The Supreme Court has asked the government to come up with a ‘real number’ on people living below poverty line (BPL). The court said that the official data claiming that there were 5.9 crore BPL families in the country was not convincing.
An apex court bench of Justice Dalveer Bhandari and Justice Deepak Verma said that a reasonable number on BPL families would help in taking care of the major problems of providing foodgrains to the poor and storing of foodgrains in warehouses.
The court observed that the figures on BPL families placed before it by petitioner People’s Union for Civil Liberties (PUCL) were ‘startling’.
The court said that all calculations regarding BPL families were based on the 2001 Census, but in the last 10 years, they must have expanded and grown. The court asked additional solicitor general Mohan Parasaran to have foodgrains distributed to the poor, instead of letting these rot.

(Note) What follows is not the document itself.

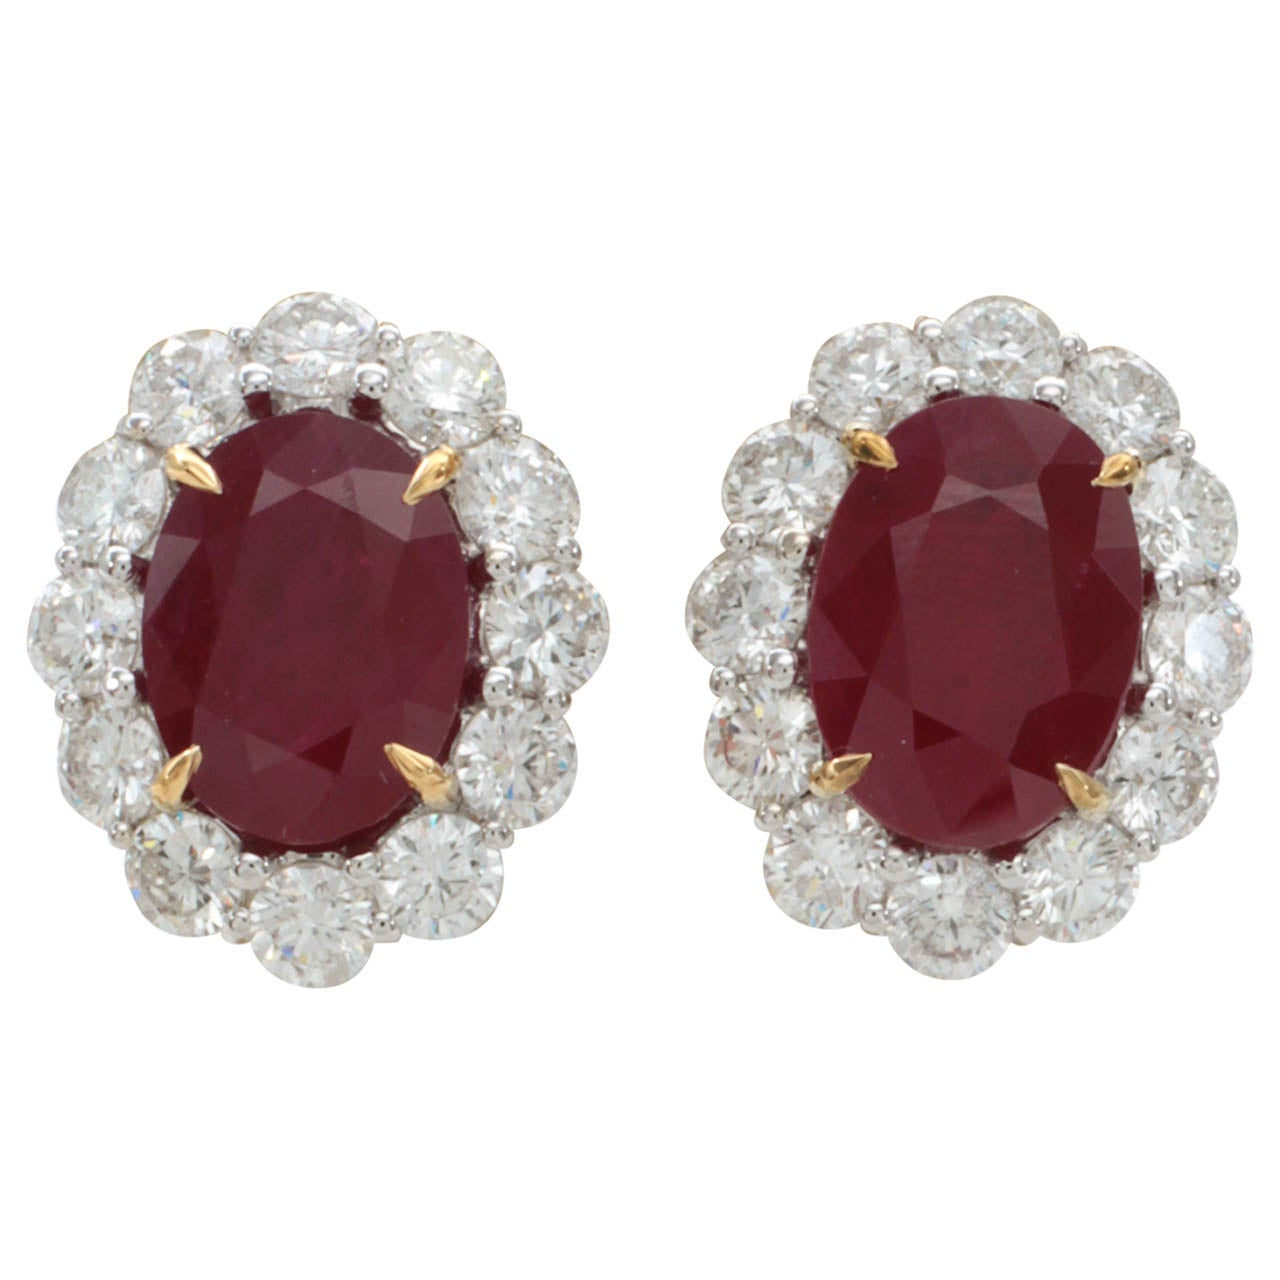 Rare Burma Ruby Diamond Earrings For Sale At 1stdibs

‘The government may consider (the option of revising the BPL families’ figures) on its own,’ Justice Bhandari told Parasaran.
Parasaran admitted that there were differences in the central government’s and states’ parameters for identifying the BPL families. He explained that it was because of the differences in criteria that the states were quoting a higher figure on BPL families as compared to the central government.
Arguing for PUCL, senior counsel Colin Gonsalves said that even Planning Commission member Arjun Sengupta did not agree with the parameters adopted by the commission in identifying the BPL families.
Sengupta had earlier said that the number of BPL families was much more than the figures given by the government. He said that it was nothing but fudging of figures.
The senior counsel told the court that the government was trying to reduce the number of families in the BPL category by lowering the per-capita income figure that determines whether a family is poor or not.